After the outbreak of the French Revolution he became an ardent Jacobin. He organized a number of republican celebrations, and in 1792 was elected a deputy to the National Convention. He voted for the death of the king and was a close friend of Maximilien de Robespierre. After the latter's fall, in 1794, he was imprisoned for a few months. Meanwhile, he executed his Marat Assassinated (1793, Brussels Museum) and a self-portrait (1794, Louvre). From the following year date his portraits of M. and Mme. Seriziat (Louvre). Also in the Louvre is The Rape of the Sabine Women (1799).

In 1804 he was appointed court painter to Napoleon and commissioned to execute four large pictures, of which two were completed: Consecration of Napoleon (also known as Coronation, 1805-1807, Louvre) and The Distribution of the Eagles (1810, Versailles). Leonidas at Thermopylae (1814, Louvre) is the last painting he completed in Paris.

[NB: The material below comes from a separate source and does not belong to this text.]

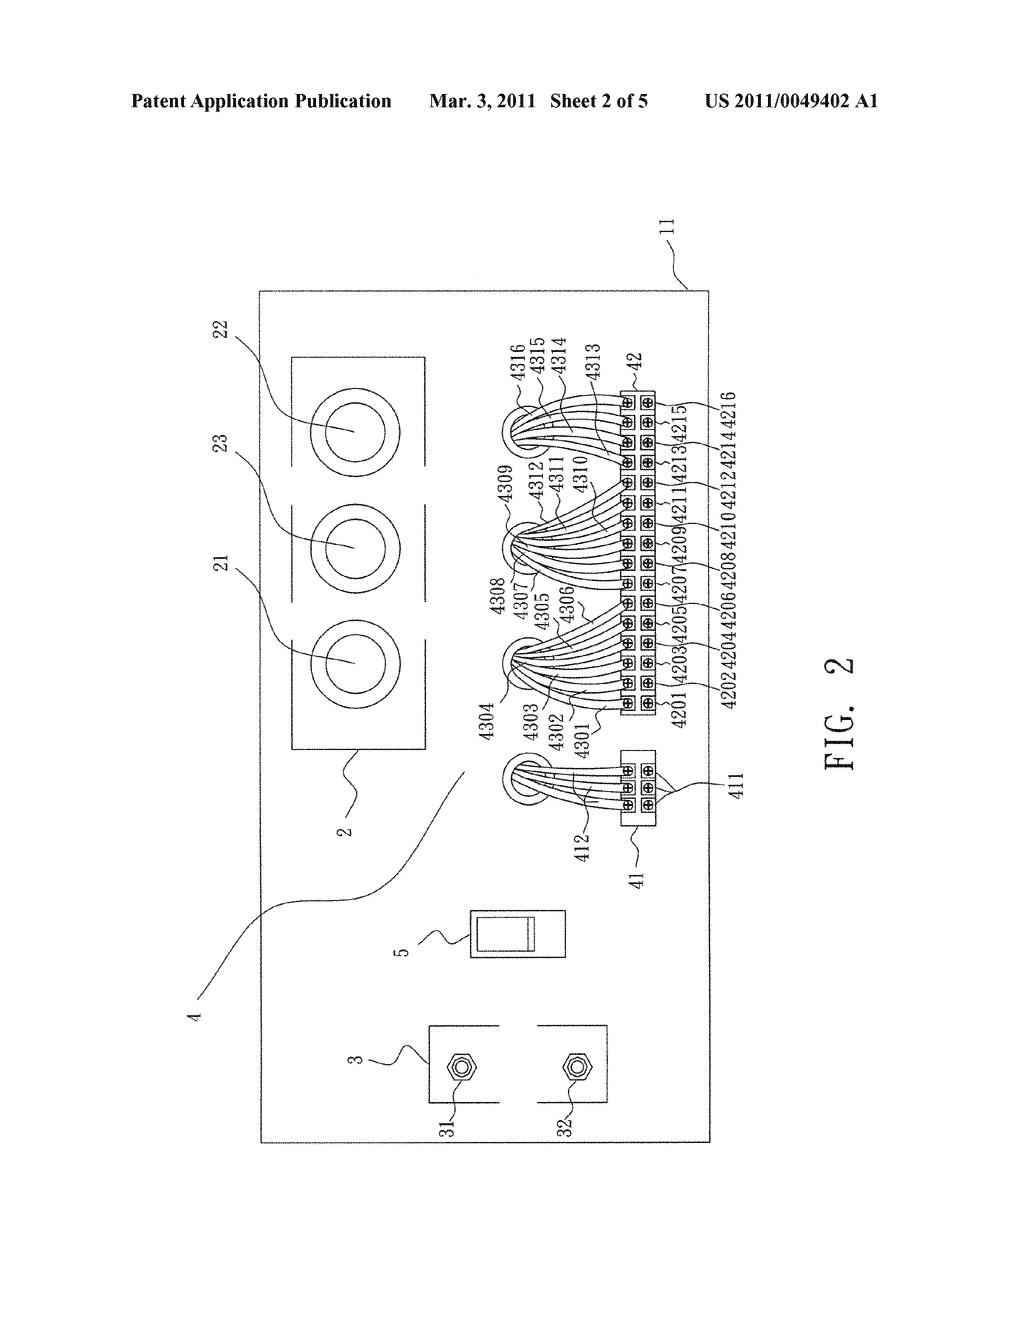 Motorised Valve Wiring

Banished as a regicide after the second restoration of Louis XVIII, he lived in exile in Brussels from 1816 until his death. There he executed Les Trois Dames de Grind (Louvre); Mars Disarmed by Venus (Brussels Museum); and a number of portraits. David's classical and historical works, with their cold, formal composition, lack the charm of some of his portraits, such as those of Madame Recamier and Pope Pius VII, both in the Louvre.